Nella specie, come risulta chiaramente dalla motivazione impugnata, del tutto esauriente, i verbalizzanti F e B sono stati "concordi nel riferire del rifiuto opposto dal M a sottoporsi all'esame con l'etilometro" in modo che l'assunto difensivo, secondo il quale uno dei verbalizzanti aveva riferito all'imputato che era facoltativo sottoporsi all'alcoltest, "è stato smentito risolutamente e concordemente dagli stessi verbalizzanti".
Da tale motivazione si desume che indubbiamente l'unico argomento difensivo di contrasto alla configurabilità del reato di cui all'art 186, 6^ comma, C.d.S. è stato oggetto dell'istruttoria testimoniale, e che la valutazione sulla superfluità di domande o non pertinenti o inutili o meramente insidiose è rimessa al giudice di merito, il quale, nella specie, ha consentito l'accertamento nell'interesse della difesa.
Tali argomentazioni consentono di ritenere palesemente infondato anche il secondo motivo di ricorso, con il quale è stata dedotta l'inutilizzabilità delle dichiarazioni del testimone a norma dell'art. 63, 2 comma, c.p.p..
Tale inutilizzabilità è infetti configurabile solo "se la persona doveva essere sentita sin dall'inizio in qualità di imputato o di persona sottoposta alle indagini", e, nella specie, la deduzione difensiva, secondo la quale se il B avesse confermato l'argomentazione difensiva sarebbe diventato imputato per concorso nel reato, è, in primo luogo, irrilevante, dovendo tale qualità sussistere "sin dall'inizio", e poi comunque infondata, perchè - anche se fosse stata vera la tesi dell'imputato - non sarebbe configurabile alcun concorso doloso ex art. 110 c.p., in mancanza di un accordo preventivo tra i due, non configurandosi l'istigazione a commettere il reato contravvenzionale in questione.
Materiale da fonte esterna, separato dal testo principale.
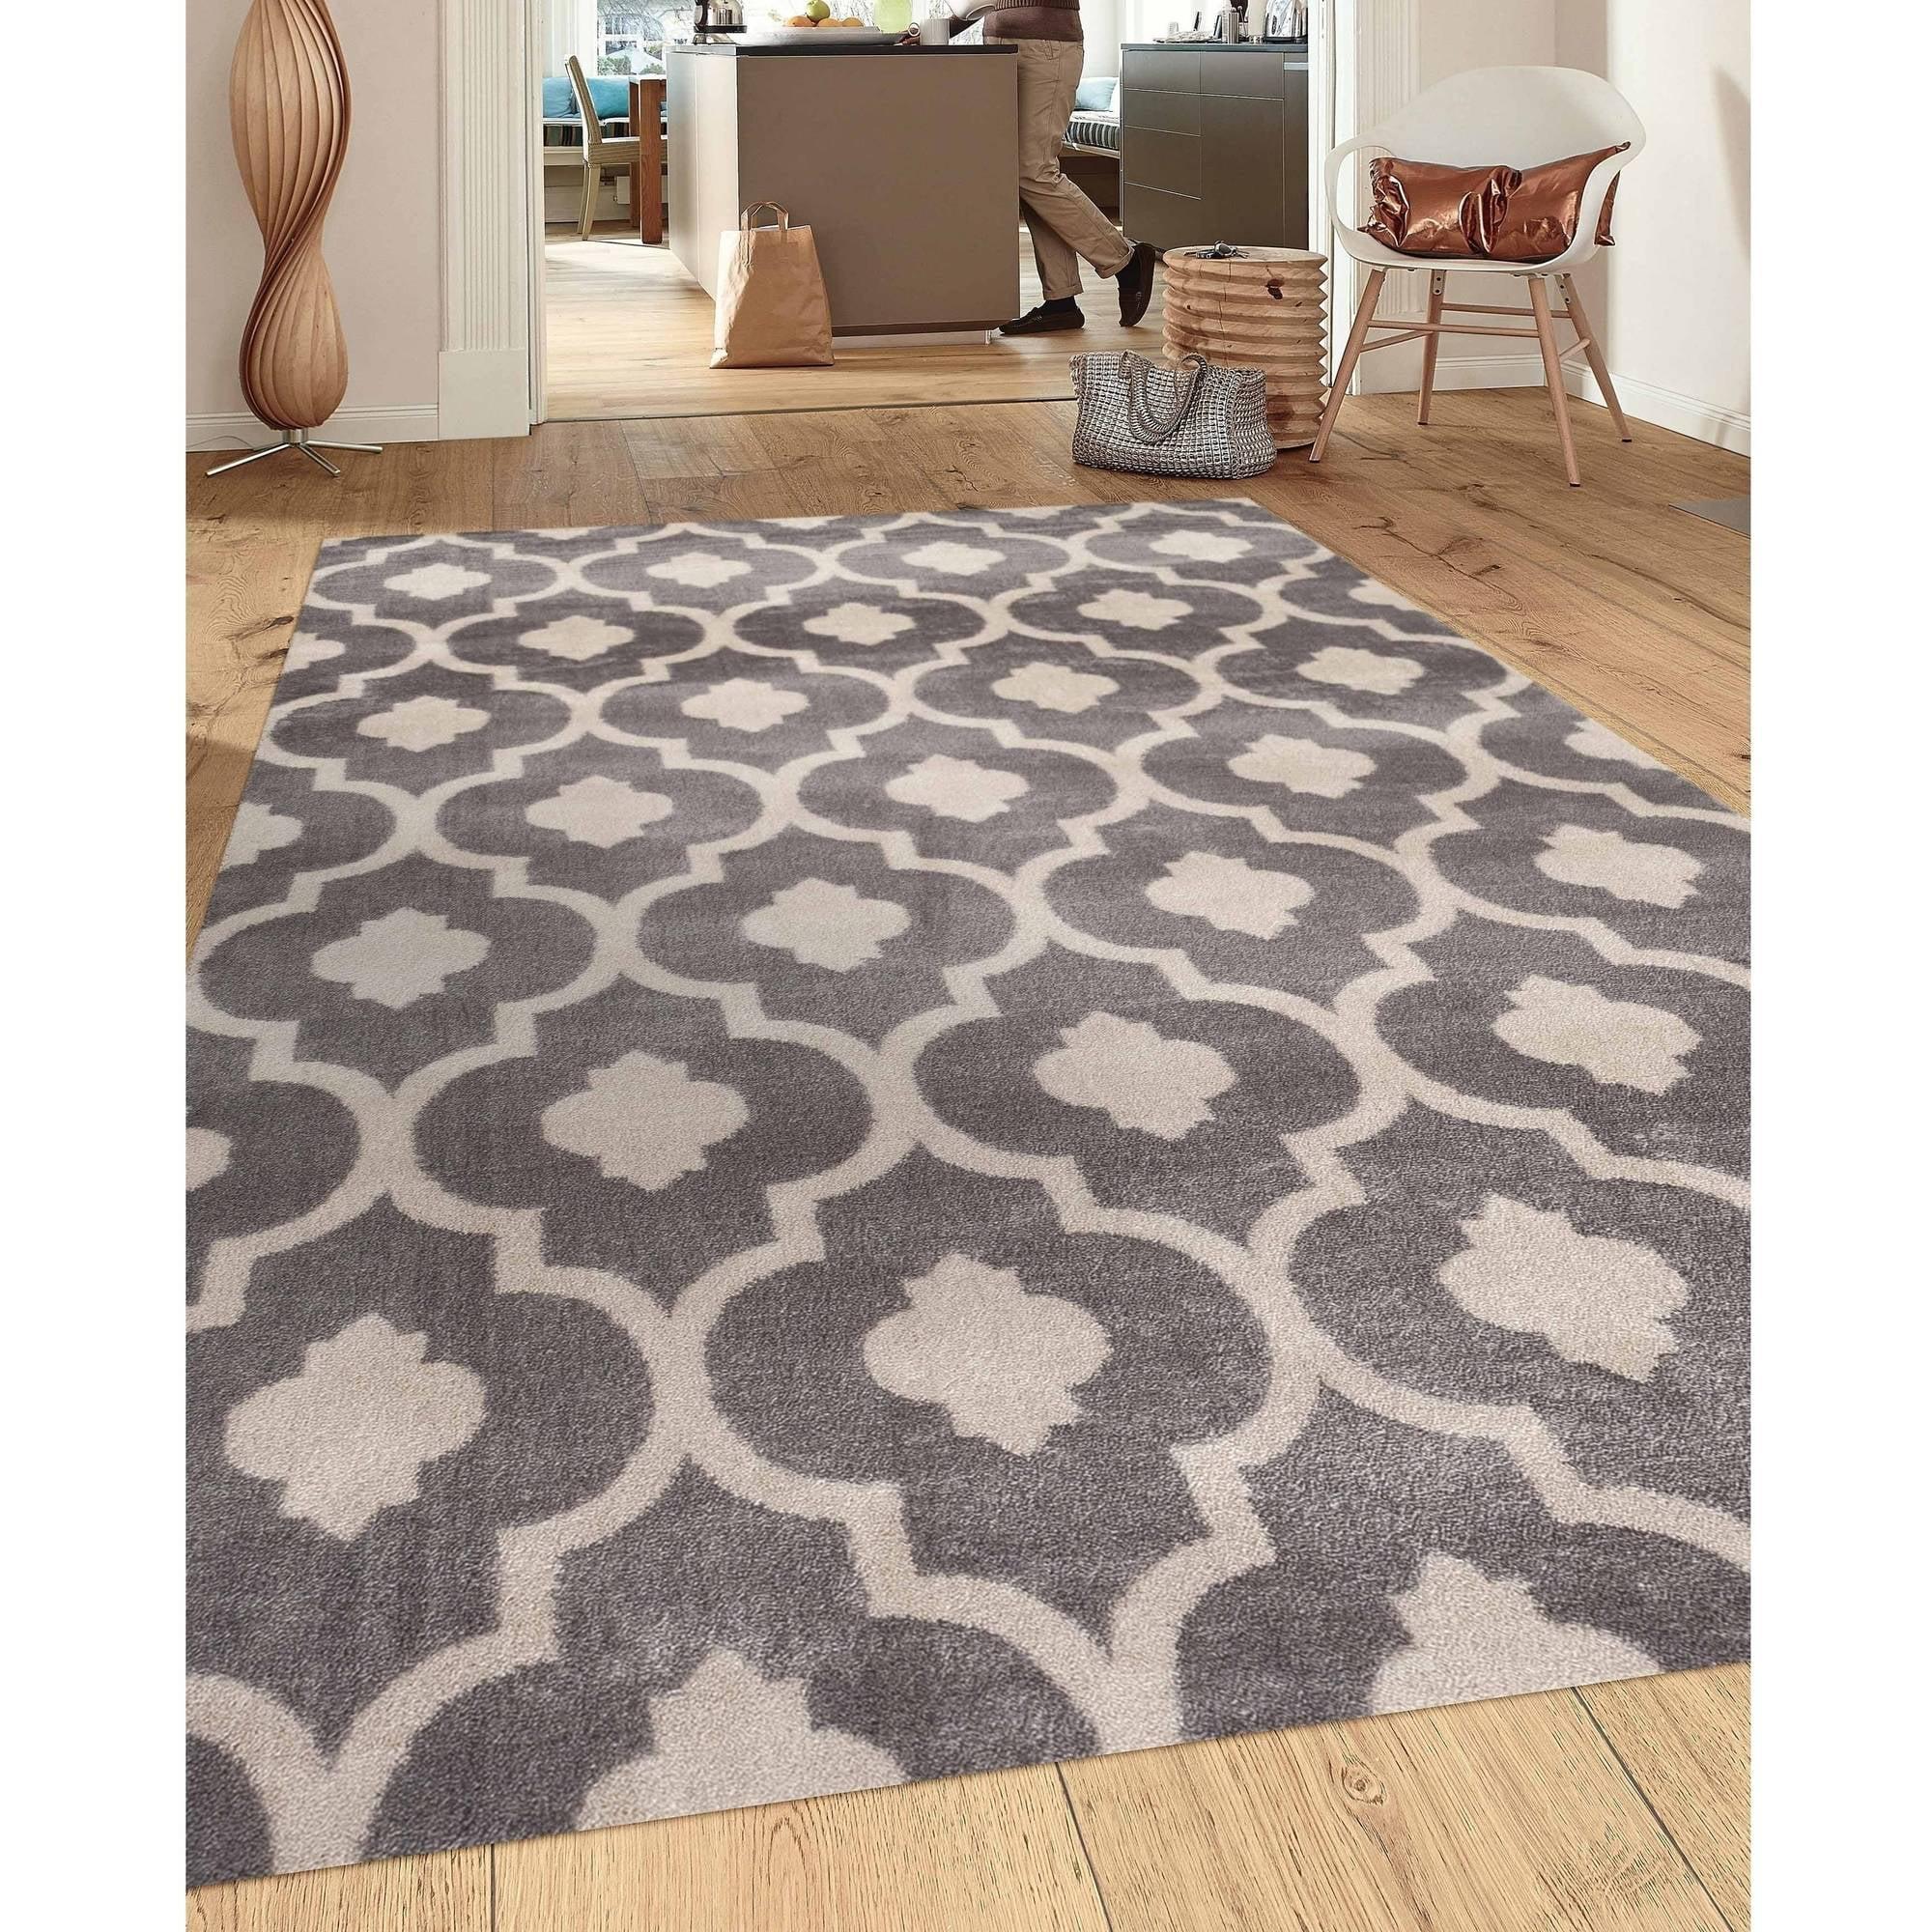 Beautiful World Rug Gallery Moroccan Trellis Contemporary Indoor Area Rug    Walmart.com

Non si tratta quindi di norma fondata su un ipotetico e del tutto eventuale coinvolgimento del testimone nel reato, ma della preesistenza di già significative ragioni per ritenere il testimone quanto meno persona sottoposta alle indagini.
Con il terzo motivo di impugnazione il ricorrente censura la sentenza impugnata per mancanza o manifesta illogicità della motivazione.
Come è noto la giurisprudenza della Corte di Cassazione ha ritenuto, pressocchè costantemente, che "l'illogicità della motivazione, censurabile a norma dell'art. 606, comma 1, lett. e) c.p.p., è quella evidente, cioè di spessore tale da risultare percepibile ictu oculi, in quanto l'indagine di legittimità sul discorso giustificativo della decisione ha un orizzonte circoscritto, dovendo il sindacato demandato alla Corte di Cassazione limitarsi, per espressa volontà del legislatore, a riscontrare l'esistenza di un logico apparato argomentativo, senza possibilità di verifica della rispondenza della motivazione alle acquisizioni processuali" (recentemente Cass. 24.9.2003 n. 18; conformi, sempre a sezioni unite Cass. n. 12/2000; n. 24/1999; n. 6402/1997).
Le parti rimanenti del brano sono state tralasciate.